To our knowledge, few algorithms of partially-ordered sequential rule mining exists. The most known are RuleGrowth [8], and its variations, TRuleGrowth (TRG) [8] and ERMiner [7]. These algorithms take as input a set of transactions. A transaction is a time-ordered sequence of itemsets, but, unlike time series, without associated time stamp. RuleGrowth searches directly for prediction rules, unlike [10] that searches for frequent itemsets and then searches for rules on these itemsets. In addition, the incremental architecture of this algorithm allows to limit the size of the searched rules, and to limit the elements in which rules are searched. In our use case, we want to mine rules whose predictions are made only of elements from actuators. RuleGrowth allows this limitation directly during the search, reducing the total computation time. TRG is an extension of RuleGrowth that accepts the constraint of a sliding window, determined by a number of consecutive itemsets. It allows to limit the search to rules that can only occur in this window. ERMiner is presented as a more efficient version of RuleGrowth, but without an extension that accepts a sliding window. But those algorithms have a major problem in the proposed use case: they take transactions instead of a time series. The notion of support depends directly on the structure of transactions, and cannot be applied on a time series. Despite the advantages of these algorithms, they cannot be applied directly to our input data.

3.3 Scientific Problems

To our knowledge, the state of the art algorithms are not satisfactory enough to solve the initial problem. Two major issues need to be solved:

  1. 1.

    How to define the support of a rule in a time series that avoids the problem encountered in Sect. 3.1?

  2. 2.

    How to build a rule mining algorithm upon this new support measure?

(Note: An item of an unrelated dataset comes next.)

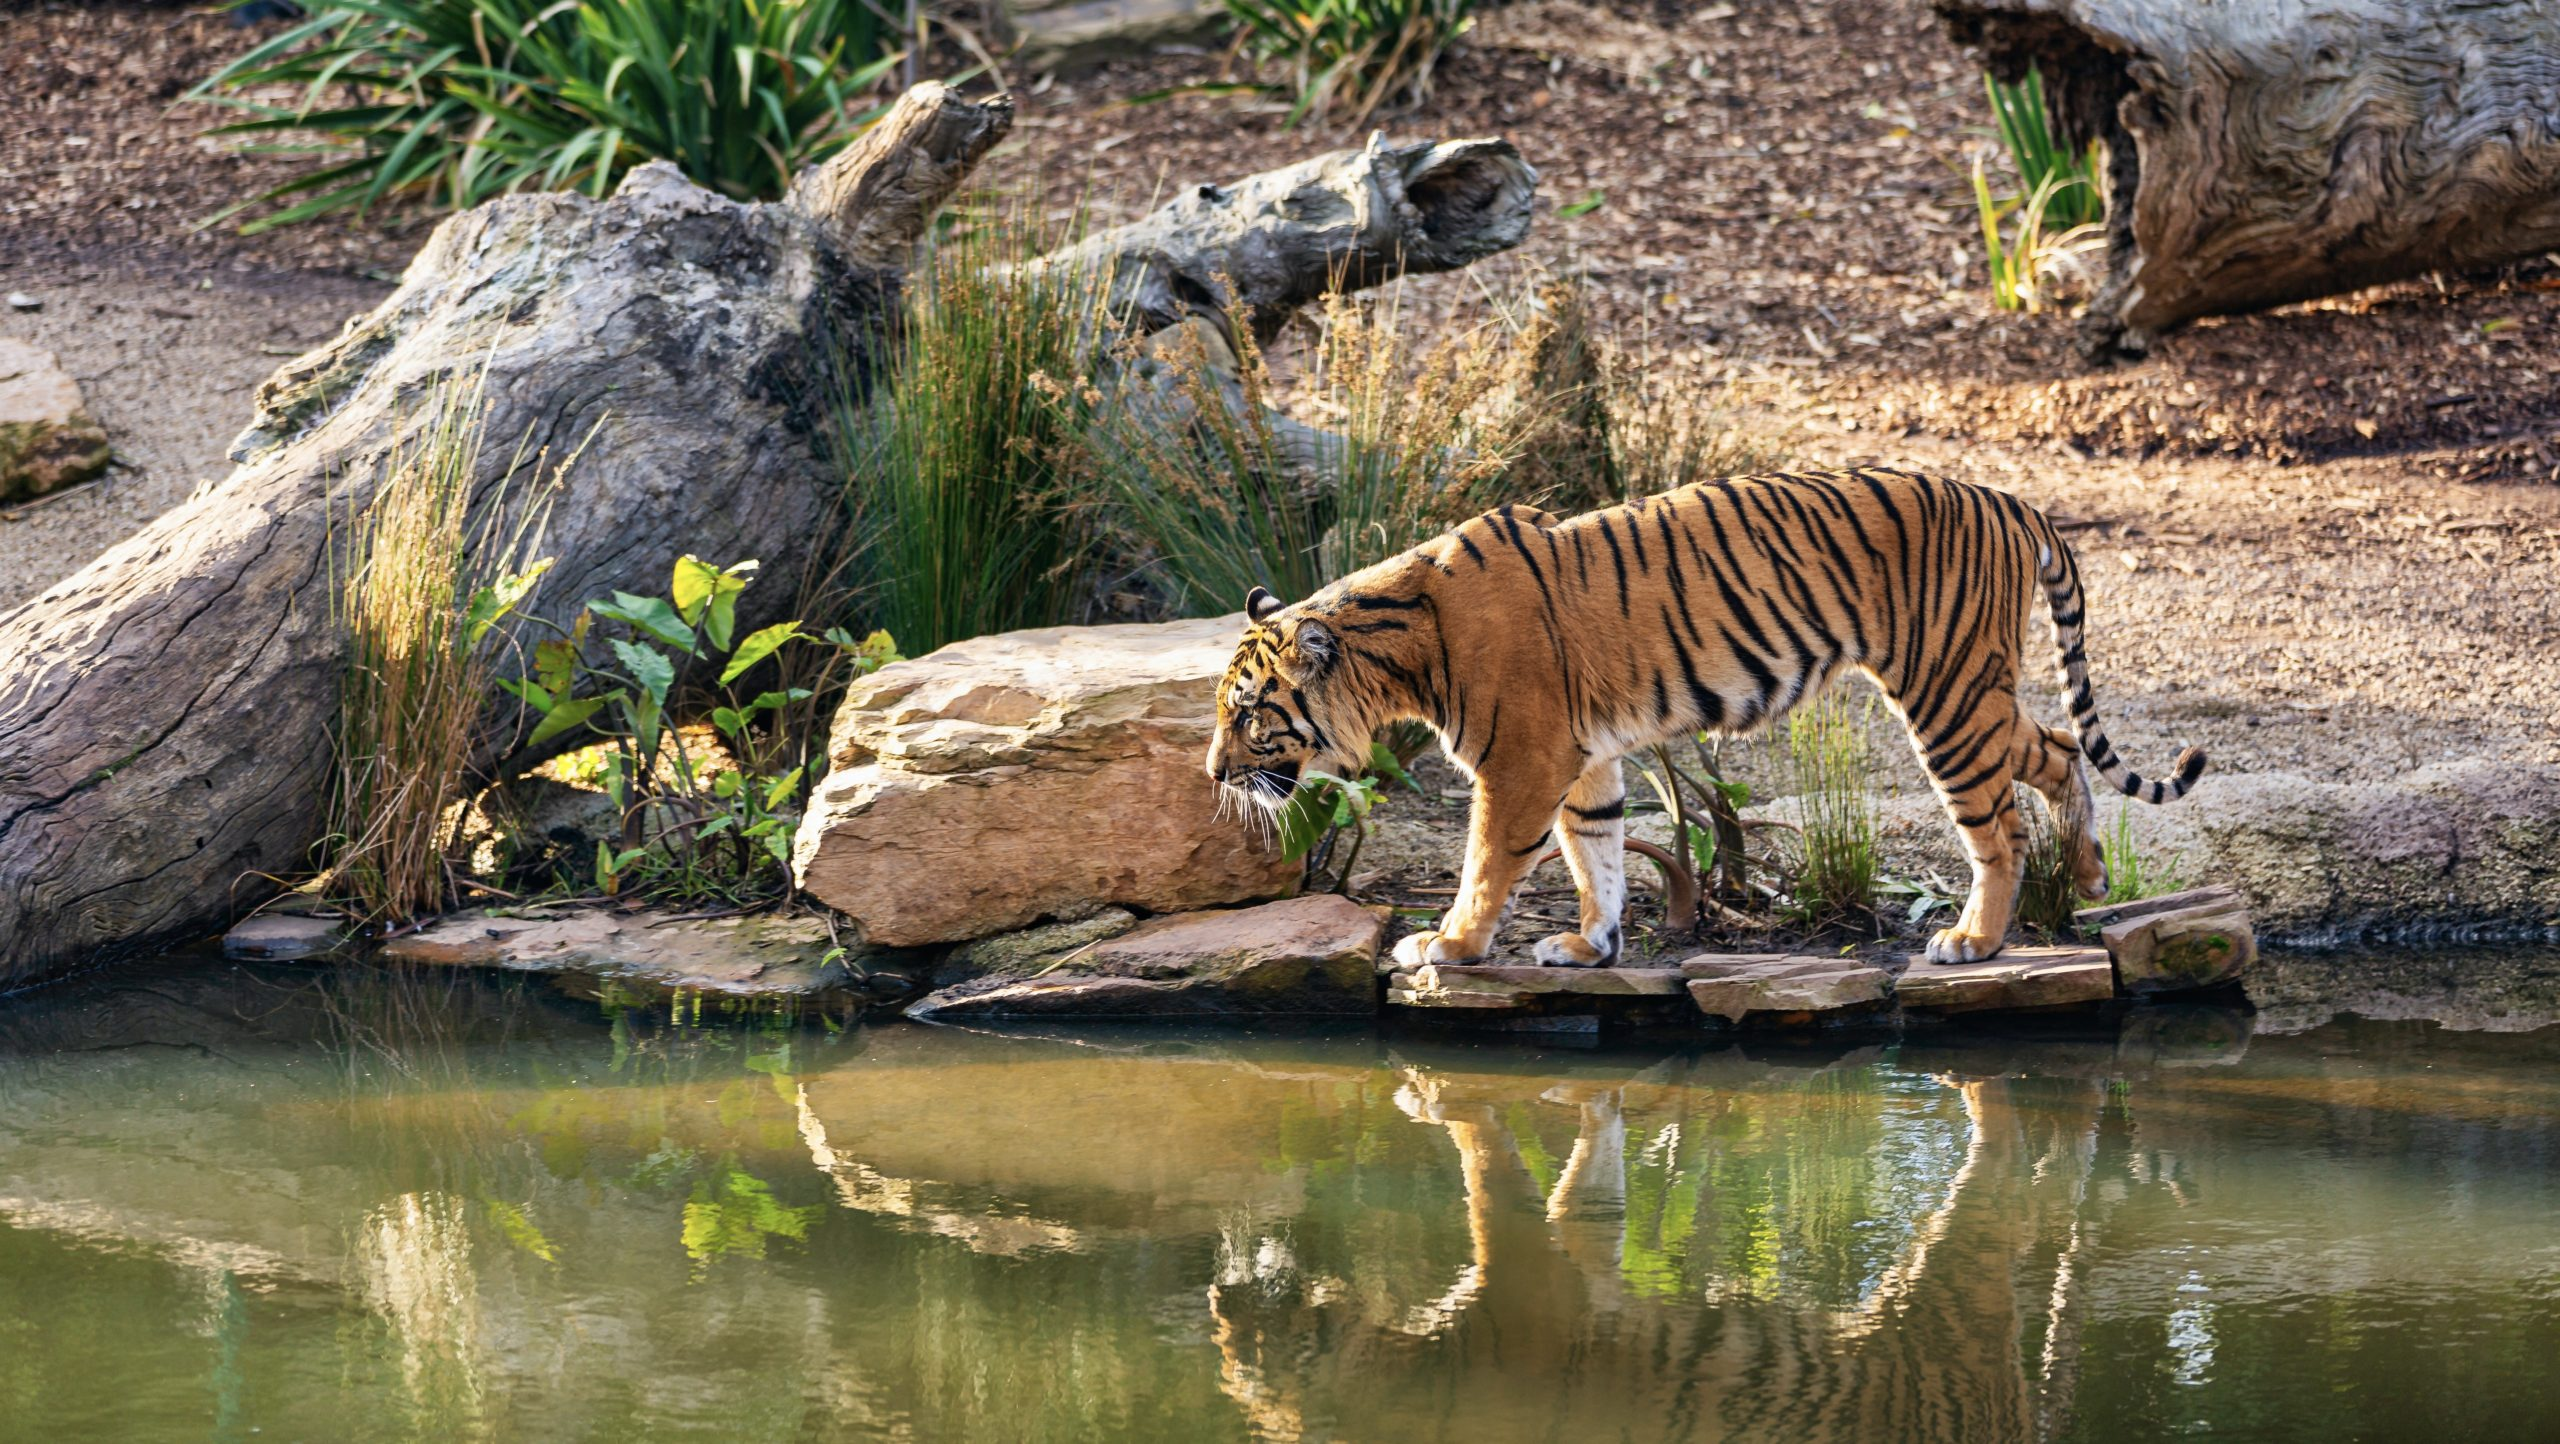 rencontre avec les tigres thailande)

In addition, this algorithm must address the following:

  1. 3.

    How to limit the duration of the found rules?

  2. 4.

    How to limit the search to certain elements in the condition or prediction?

  3. 5.

    How to avoid that a rule is found twice?

RuleGrowth answers points 4 and 5, but only takes transactions as input. Its extension, TRG, uses a sliding window that can be used to answer to the third problem with some modifications. The following section describes an adaptation of the AmI data to be accepted by TRG, and raises limitations of this adaptation. After, we describe our algorithm: TSRuleGrowth. It uses the principles of TRG, but applies them to time series, to deal with the first two problems.

3.4 Adapting Time Series to TRuleGrowth

To solve the problem of the input data of these algorithms, one can simply convert the time series into a list of transactions, as in Fig. 2. To do this, this time series is divided (1 in the figure) into smaller ones with a defined duration noted \(\varDelta _{tr}\) (2 and 3 in the figure). Then the notion of time of the small time series is removed, to keep only the order of appearance of the elements (4 in the figure). Without this notion of time, they are no longer time series, but rather sequences of elements, in other words, transactions.

Fig. 2.
figure 2

Example of conversion of a time series into transactions

But the main problem of this implementation is the calculation of the support of a rule. Let us take the following example with three transactions:

\(\langle \{x\},\{x\},\{y\},\{x\},\{x\}\rangle \)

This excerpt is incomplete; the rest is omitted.